The first full day of the trip started with a mess. We had bought some wine at the airport’s duty free shop (cheapest prices in Iceland), and Tim stored a few in his bag together with all his clothing for the trip. On the way to pick up the camper, the bus took a turn too fast and the bag slammed up against the wall, and the smell of red wine was immediately evident. Fortunately most of the stains came out of the clothes, though I think his yellow sweater has seen better days.
The early part of the day was spent stocking up the camper and getting to know the controls. We stopped by the local grocery store, a chain called ‘Bonus’ with a cartoon pig symbol, and bought the first few days worth of food. The fridge took a few hours to cool before we could confirm it was working, and the WiFi in the camper was spotty from the start, but overall things seemed straightforward. The beds were comfortable, and I spent quite a bit of time there since Tim graciously took on all the driving duties.
Now to the sights. The first stop was the Blue Lagoon, a famous bathing spot in Iceland…but we didn’t realize you needed to pre-book tickets and we decided against the predicted two-hour wait time.

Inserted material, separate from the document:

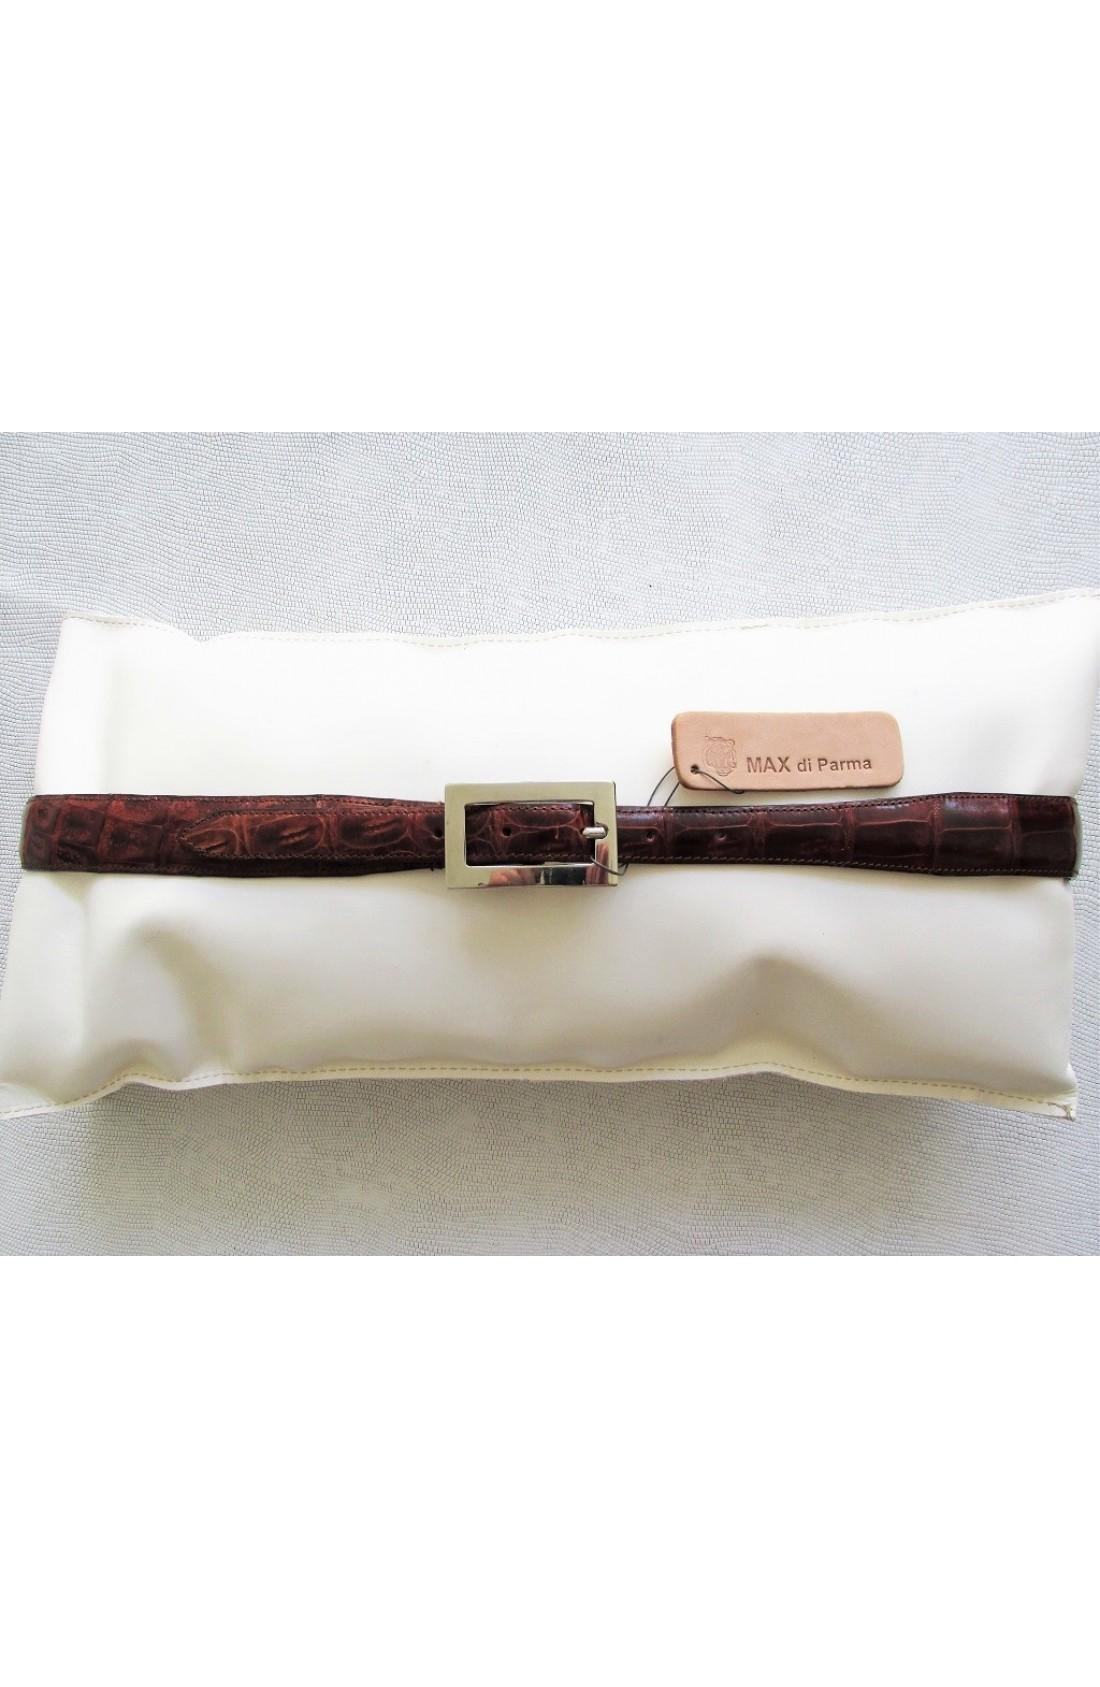 art.151 COCCODRILLO VERO coda caimano yacarè svasata da mm.30 a mm. 20 var.3 brandy fibbia B 919 mm.20 nikel free (5)

Next up was the golden circle, the top tourist region in Iceland. I can’t recall ever seeing geysers before, and the main one here, Strokkur, was amazing. The reason why it’s one of the most famous geysers in Iceland is the frequency and reliability of eruption…every 5-10 minutes without fail. The steam from the geysers and other hot spots produced a very cool misty atmosphere that looked fantasy-like in pictures, and this more than made up for the putrid, sulfur-like smell of the area.
The first time we saw Strokkur erupt was embarrassing, as we were initially surprised by the magnitude and height of the eruption and ran like idiots thinking we’d get burned or something. I eventually got my composure enough to film a couple explosive videos.
Before heading to the next attraction we stopped for dinner at the restaurant nearby the geyser park. Sometimes it was good to eat out as you could also concurrently charge your electronics on a free outlet. This was more than just a place to inject life into my laptop battery, however, as they had the best bread I’ve had in recent memory. I usually don’t take pictures of something so mundane as bread, but this was warmed to the perfect temperature, spiced with some unknown but wonderful herbs, and served with homemade oil and pesto that was divine.
After this near-religious experience with bread, we drove to the nearby waterfall, Gullfoss. I love waterfalls, and this one was a beauty…tiered so it appeared to be flowing down steps until its final plunge into the canyon, which was hard to see unless viewing from really close. There were a few viewing points for great pictures, and you could walk about halfway around the side of the waterfall for different perspectives.
The sound of Gullfoss was so dramatic and relaxing we decided to spend the night camped out next to it. We stayed up late playing a Belgian card game and enjoying some local Icelandic beer, and were greeted in the morning with one final view of Gullfoss…what a thing to wake up to!